Впрочем, случались дни, когда оставаться с бабушкой было почти все равно что оставаться одному. Она лежала на диване или у себя на кровати в комнате с задернутыми занавесками, прикрыв глаза холодной тряпочкой. У этих дней был собственный словарь: cafard, algie, crise de foie{15}. В шестьдесят шестом, к которому относятся мои первые воспоминания, бабушке было всего сорок два, но война, по ее словам, загубила ей желудок, носовые пазухи, суставы (она никогда не упоминала, что война сделала с ее рассудком). Если она обещала присмотреть за мной в один из своих плохих дней, то держалась ровно столько, сколько было надо, чтобы убедить моих родителей или себя, что справится. Затем это что-то брало над нею верх, и она уходила из кино посредине сеанса, обрывала декламацию на первом же стихотворении, поворачивала к выходу из магазина, бросив в проходе наполненную тележку. Не думаю, что я по-настоящему расстраивался. Потом бабушка ложилась, и лишь тогда она разрешала мне посмотреть телевизор. Когда она устраивалась полежать, у меня была одна обязанность: время от времени мочить тряпочку холодной водой, выжимать и класть ей на лицо, словно знамя на гроб.
За пределами кухни любимым бабушкиным развлечением были карты. Она презирала игры, которые американцы считали подходящими для детей: «пьяницу», «запоминалку» и «ловись, рыбка». Реммик казался ей скучным и бесконечным. Игры ее собственного детства строились на смекалке и обмане. Как только я освоил сложение и вычитание в уме – примерно в то же время, что и чтение, – она научила меня играть в пикет. Довольно скоро я уже почти не отставал от нее по очкам, хотя дед позже сказал мне, что она поддавалась.
В пикет играют колодой в тридцать два листа, и бабушка первым делом выбрасывала все карты от двоек до шестерок. Делала она это довольно бездумно. Когда кто-нибудь возвращался домой после долгого дня, например в конторе, мечтая с удовольствием разложить пасьянс, он частенько находил в ящике комода полдюжины разоренных колод и россыпь перемешанных младших карт. Только по этому поводу дед на моей памяти открыто выражал неудовольствие бабушке, которую обычно всячески баловал и опекал.

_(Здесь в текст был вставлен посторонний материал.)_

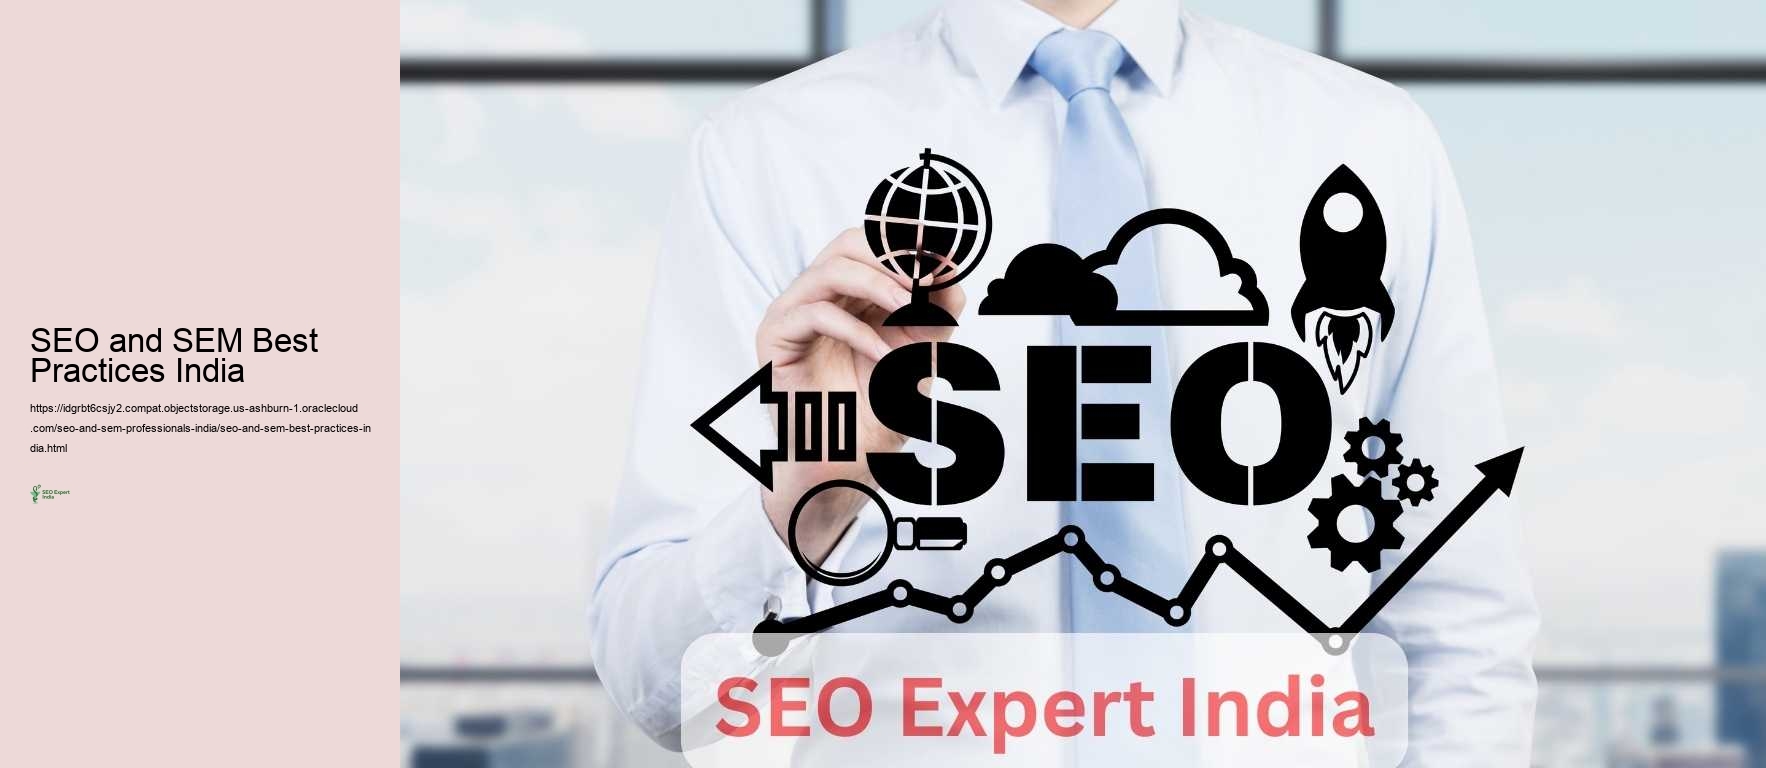 SEO and SEM Best Practices India

– Меня это просто бесило, – вспомнил он как-то. – Я говорил: «Неужели я так много прошу? Неужели нельзя хоть одну колоду оставить? Почему надо разорять все до последней?»
Он вытянул губы трубочкой, сузил глаза, расправил плечи:
– Бё! – (Я помнил этот бабушкин неподражаемый галлицизм.) – Она, видите ли, не разоряла колоду, а улучшала! – И дед передразнил ее с тем самым акцентом техасца в Париже, какой напускал на себя всякий раз, как говорил по-французски: – Синон, коман фэр ун птит парти?{16}
Как-то бабушка велела мне принести колоду, чтобы сыграть несколько парти. Я выдвинул ящик и увидел, что с прошлого раза в нем прибрались: вместо россыпи карт там лежали несколько нераспечатанных покерных колод. «Разорить» их значило бы обидеть дедушку хуже обычного.
Я принялся выдвигать другие ящики и шарить между настольными играми в поисках старых бабушкиных карт. В жестянке из-под бартоновских миндальных карамелек обнаружилась колода тоньше американской, в странной голубой пачке, с надписью на языке, который я счел французским, старинным шрифтом, как в шапке «Нью-Йорк таймс». Я решил, что нашел настоящую французскую колоду для пикета и отнес ее на кухню, где мы обычно играли.